Smartphone spying: How can users protect themselves?

Smartphone users need to realise that their mobile phone is less of a phone and more of a mobile computer, in which applications can collect data from other applications installed on the same device. Some, such as browsers, can also access browsing history information from other machines belonging to the same user as well.

Smartphone apps are able to access information that is specific to other applications due to the way applications integrate with each other within the mobile operating system – for instance, a game could access and use the information stored in the address book or could read profile data taken from social connectors such as Facebook, LinkedIn, Twitter and Google+.

In addition to this, carriers (namely, mobile phone companies) also install their own software on the phones, both at the operating system level with personalized interfaces and at the baseband level – essentially, the part that puts the “phone” in “smartphone”.

The baseband has higher levels of access to the smartphone hardware than even the user-visible operating system itself, so any leak or compromise at this level cannot even be detected by security apps running on the smartphone. On an even lower and therefore more privileged level, there are SIM card operating systems, which deal with phone network operations such as registering with a base station and delivering baseband software updates over the air.

Depending on what permissions are granted upon installation, an application might process the accessed information and send it to the developer or a third party.

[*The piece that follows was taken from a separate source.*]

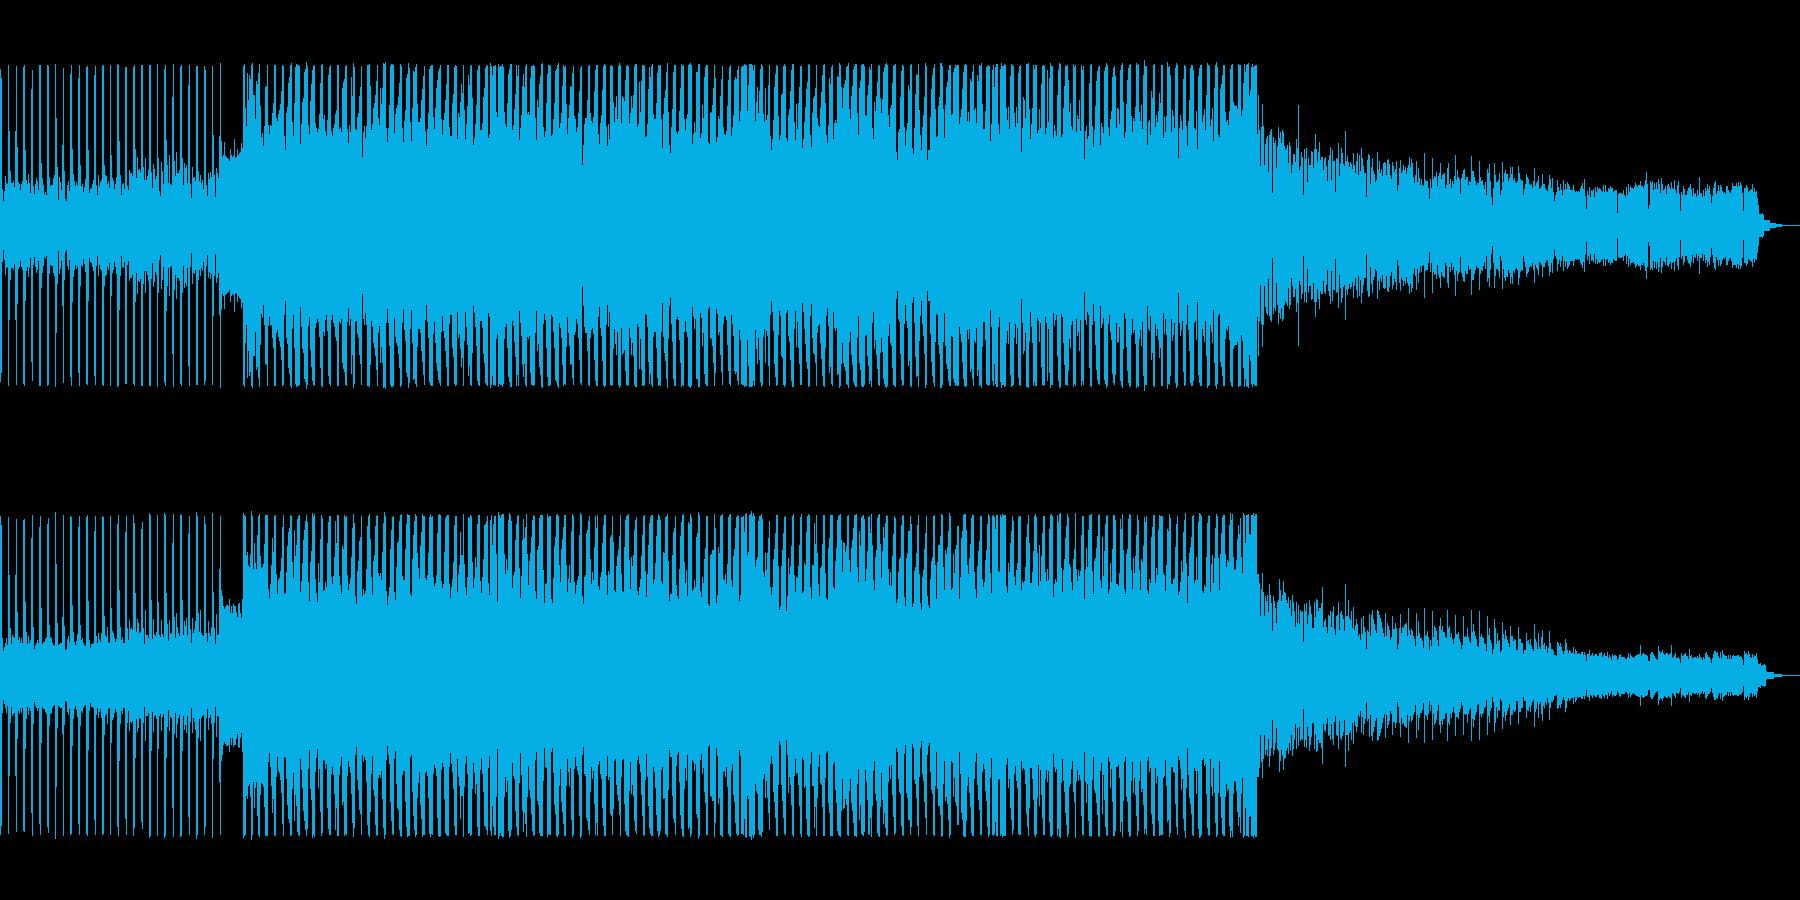 レトロなユーロ系ディスコ・リバイバルの再生済みの波形
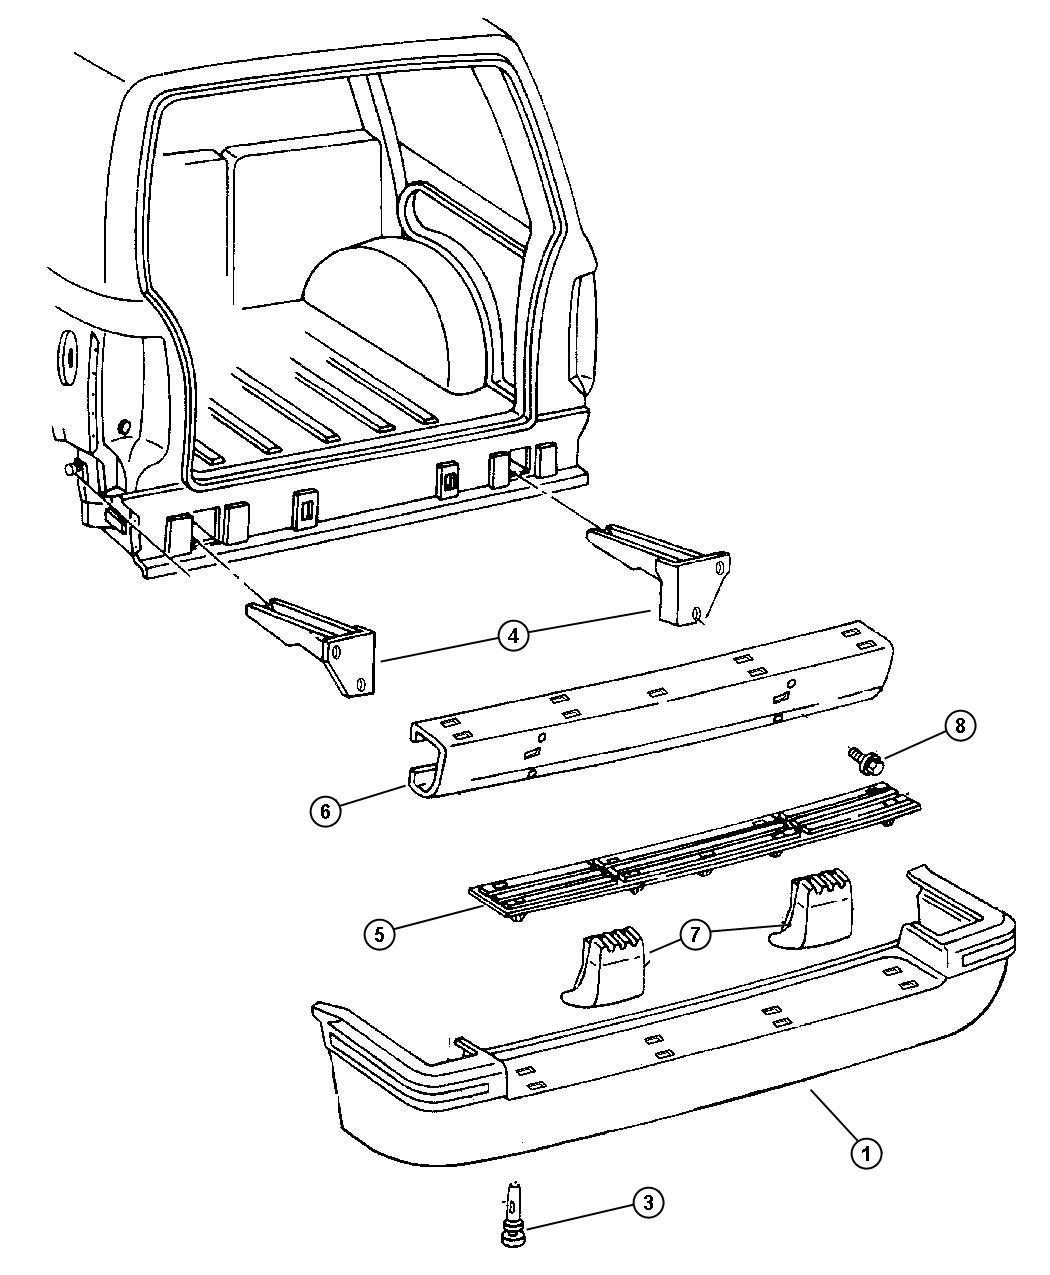 1997 Jeep Grand Cherokee Plate. Scuff. Rear bumper step

Most of the time, these pieces of information are collected by independent third parties such as ad networks that use the information for pushing targeted advertisements, and, in exchange, pay the developer a specific amount per user.

As these pieces of information are exfiltrated from the “victim’s” device, another third party could just duplicate them as they travel across the carrier’s mobile network and store them for further processing. In this case, the ad network only serves as a vector.

Applications that require permissions related to social networks or access to the device’s sensors (for example the camera, accelerometer, microphone or GPS) are highly likely to collect and report these inputs. We advise users to not install any such applications unless they feel comfortable with this information landing in a third party’s hand.